Yes, being a bereaved mother is most definately THE hardest, most challenging, most draining job in the world! I want to wish all bereaved Moms a Mother's Day full of memories (even though I know we all want more than memories). I know that I will be surrounded by the love of my daughters on earth and by my son who is in heaven. They are all three with me daily, especially tomorrow. Let yourself be pampered and take it easy. I choose to honor my sons life by living it the way he would want me to and that is an accomplishment in itself, being able to do that.
If it did not hurt it would be as if my son Zack never existed. So I accept the pain as part of my love for him. As I do all my children.
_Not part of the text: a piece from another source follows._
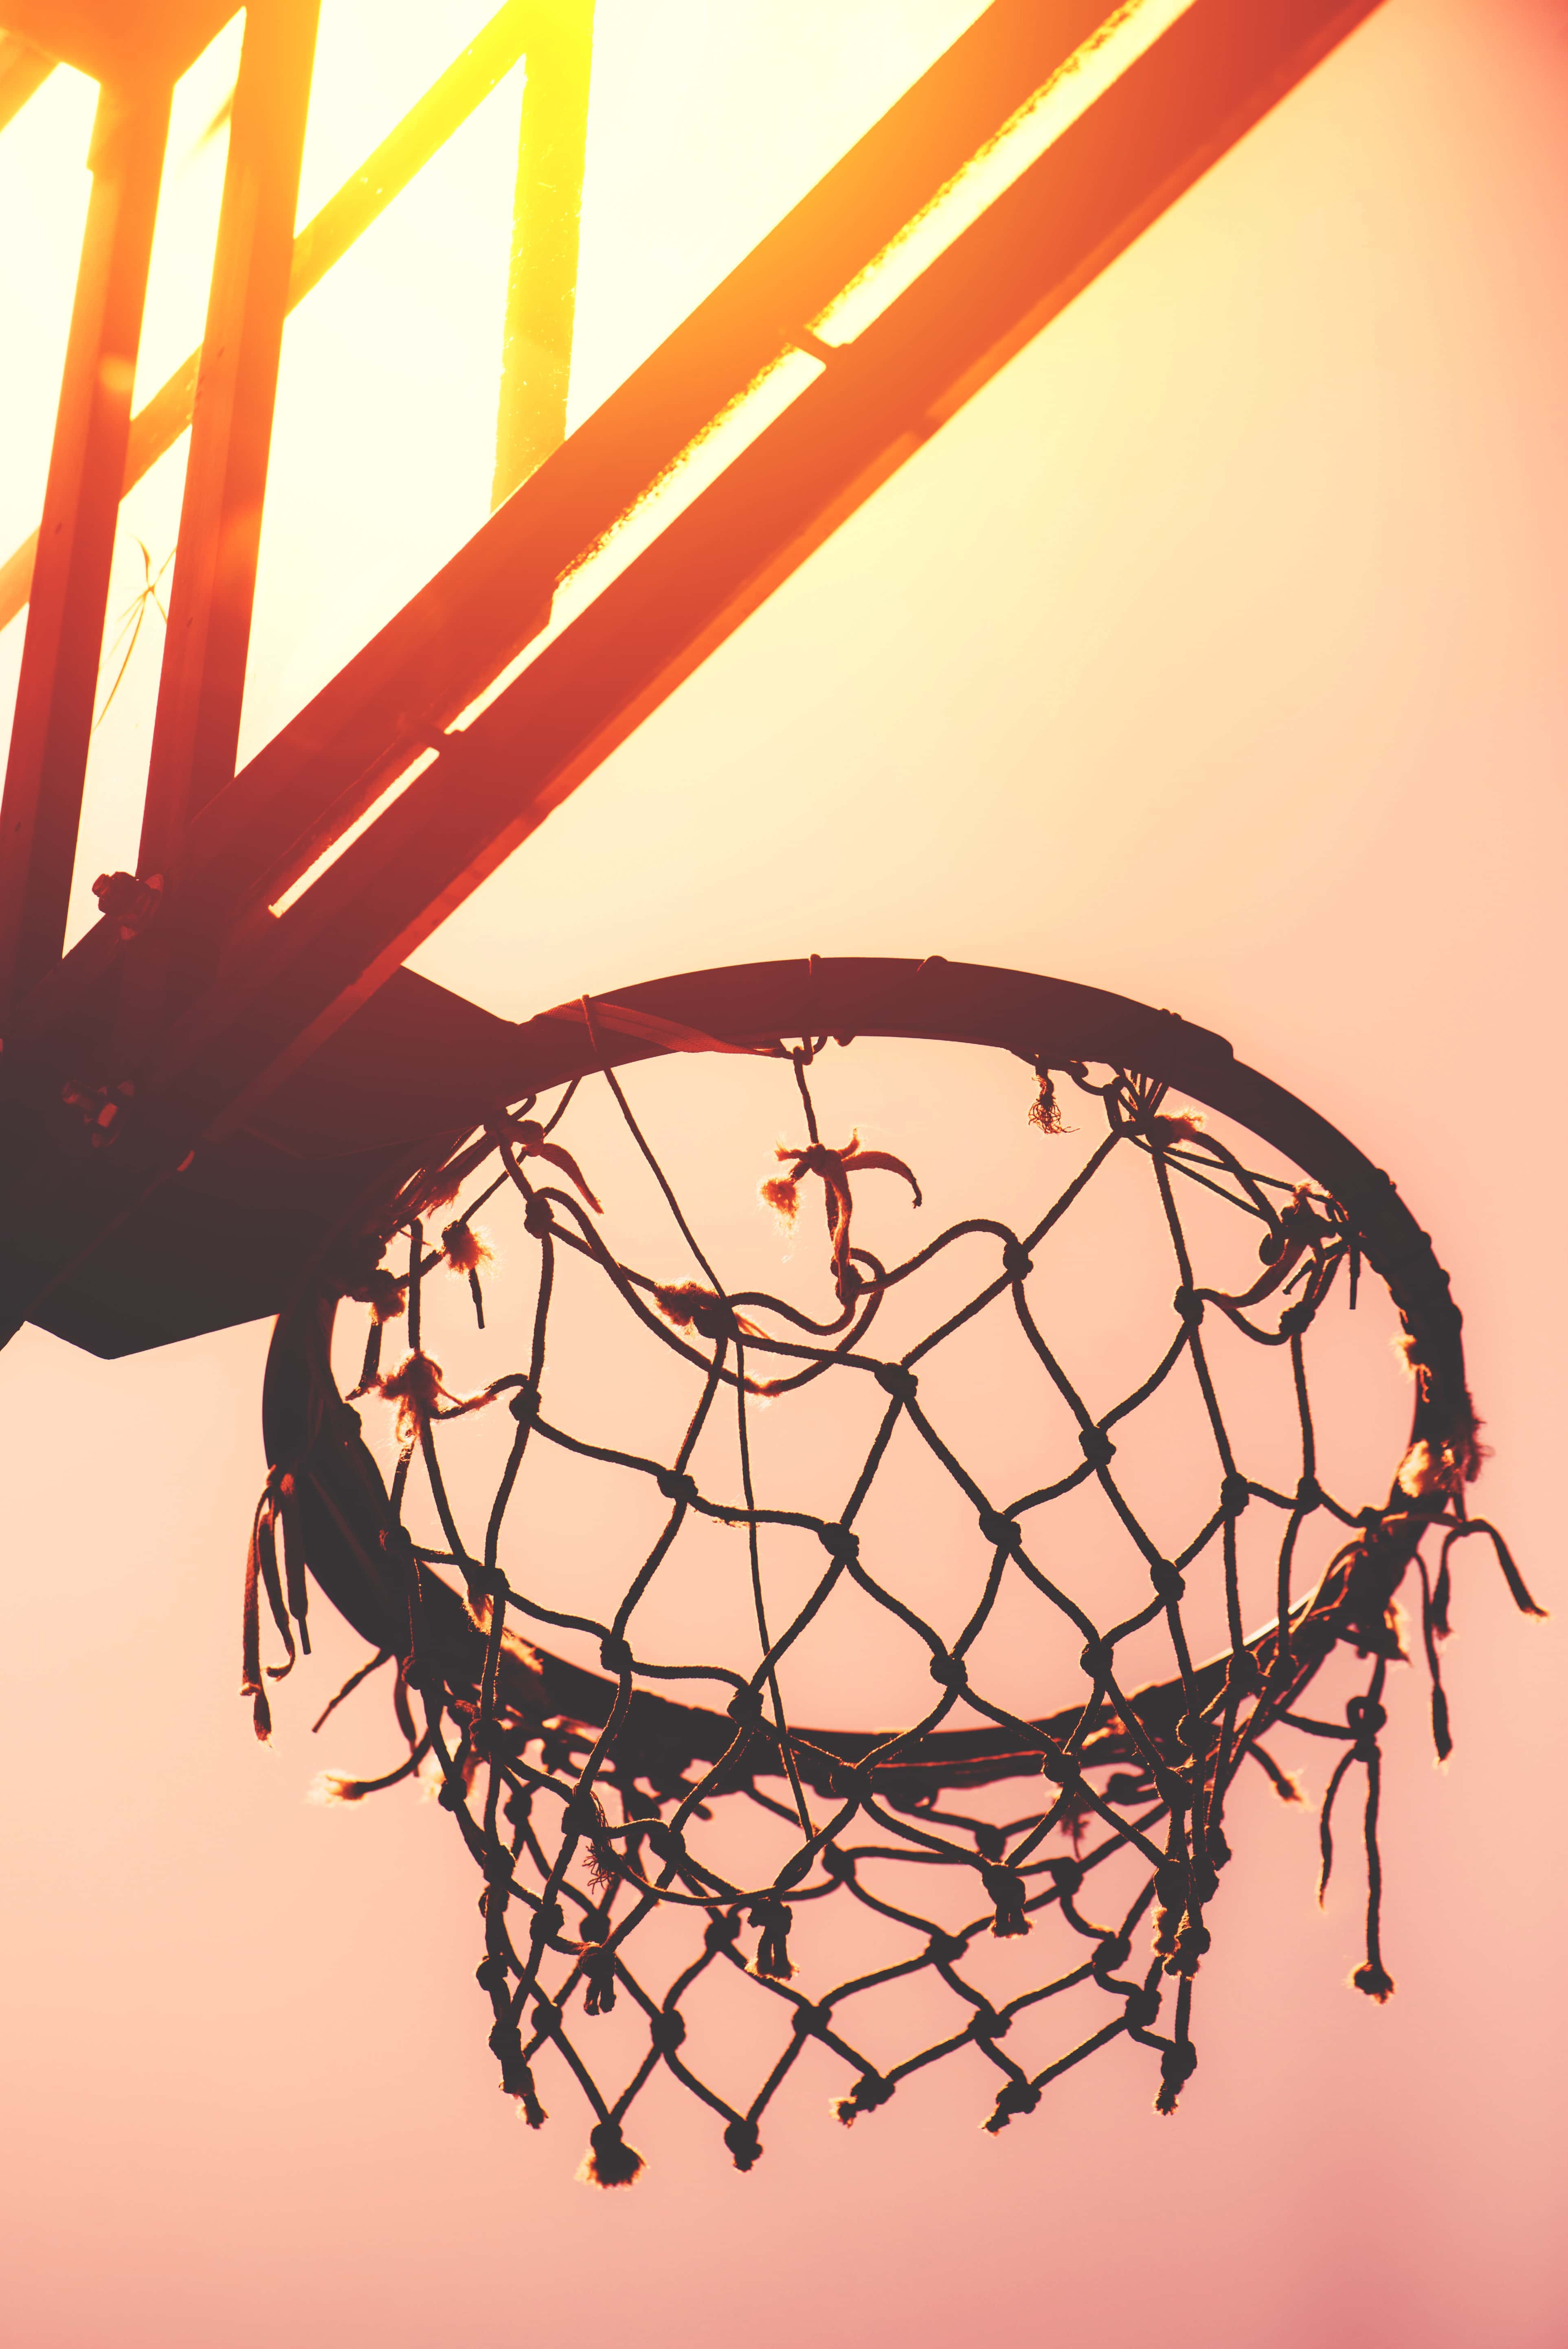 basketball-hoop-on-amateur-outdoor-basketball-court
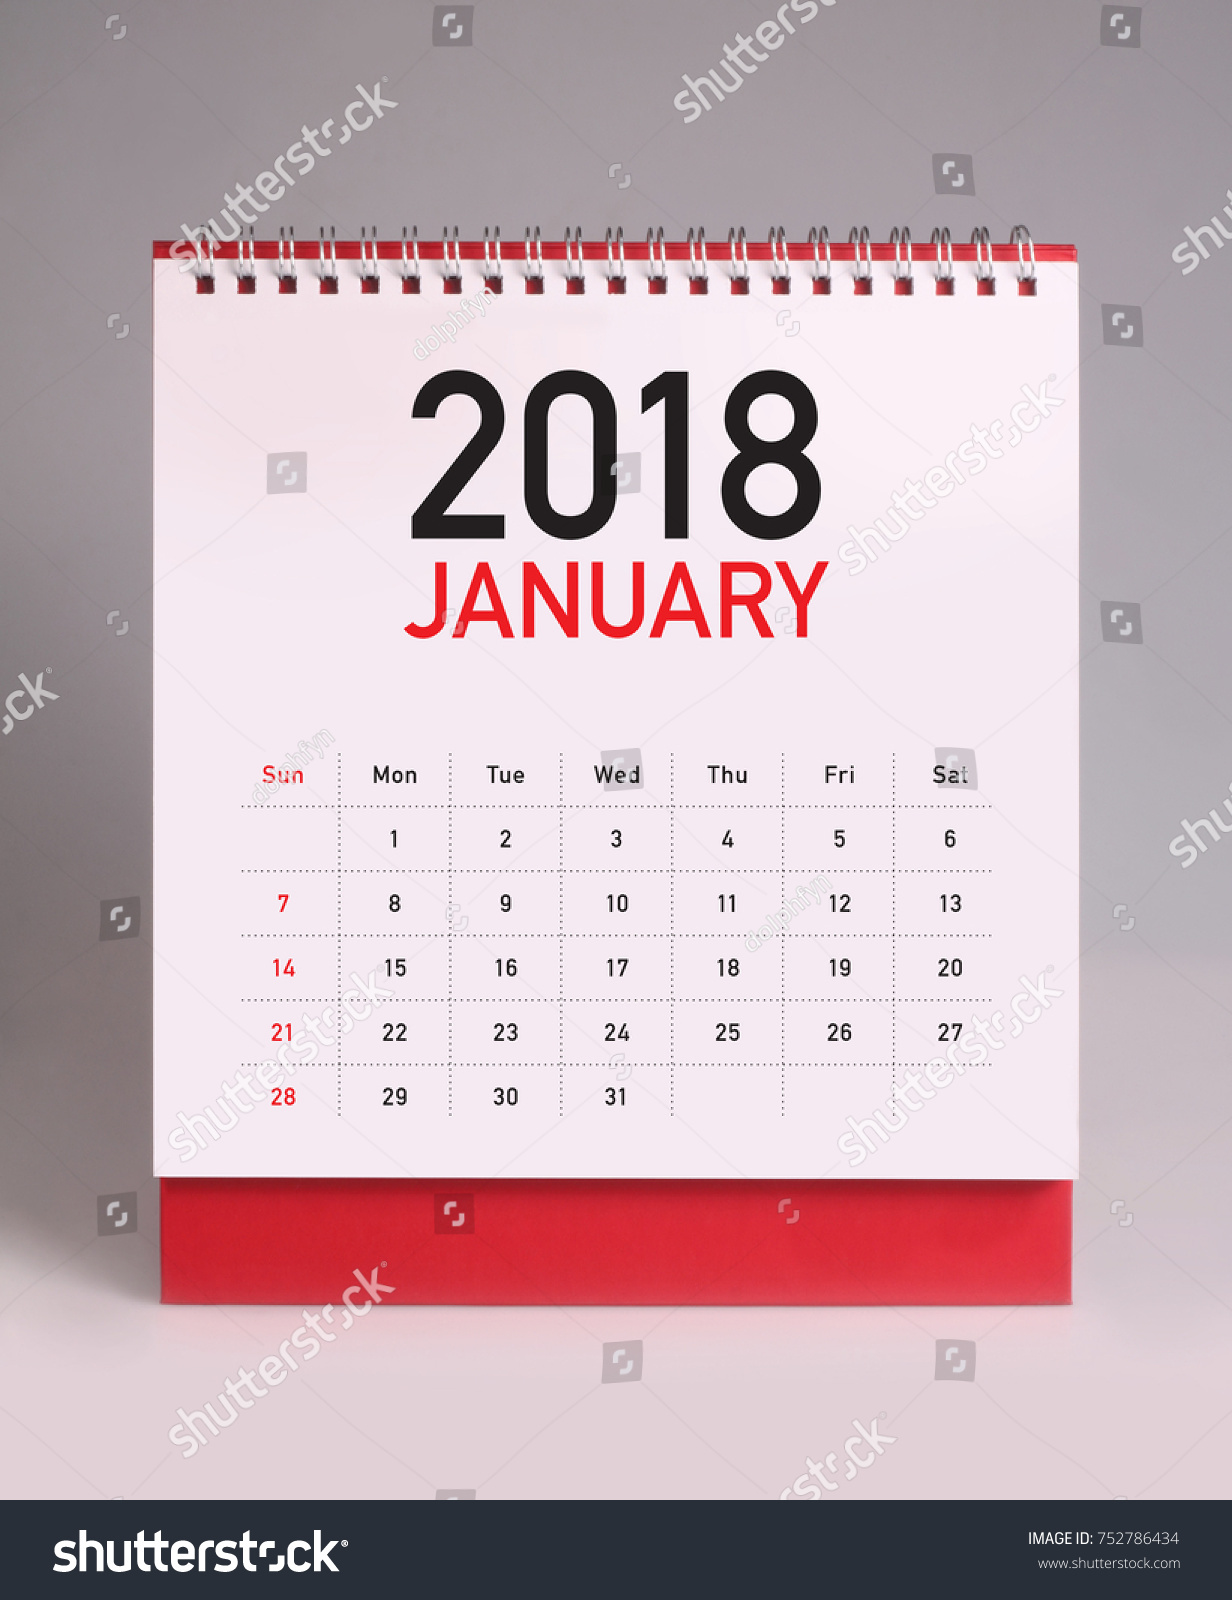 Simple desk calendar for January 2018 #752786434

I hope this day goes as well as it possibly can for you, and all other bereaved parents out there. Thank you all for showing an immense amount of love, and I hope you get one smidgen of that back from kind, caring, sensitive people today. Happy Mother's Day, Dr. Jo
On Mother's day I get cards from my children, my "four who walk" and I re-read my cards from my "one who soars". One card from my Seth when he was two, ironically says "no matter where you go, or what you do, I'll always be there" and the other is signed "love from your little boy forever, Seth". Of course written by daddy since Seth was just a baby.
I do cherish these cards and yes through the tears I managed a painful smile.....
Thank you for sharing your profound insight.
Blessings!
Thank you to the new readers and poster, and especially for those so newly bereaved moms who hurt so very, very much and yet are brave enough to explore their own grief -- and share with others. I'm so sorry...
exactly, exactly right.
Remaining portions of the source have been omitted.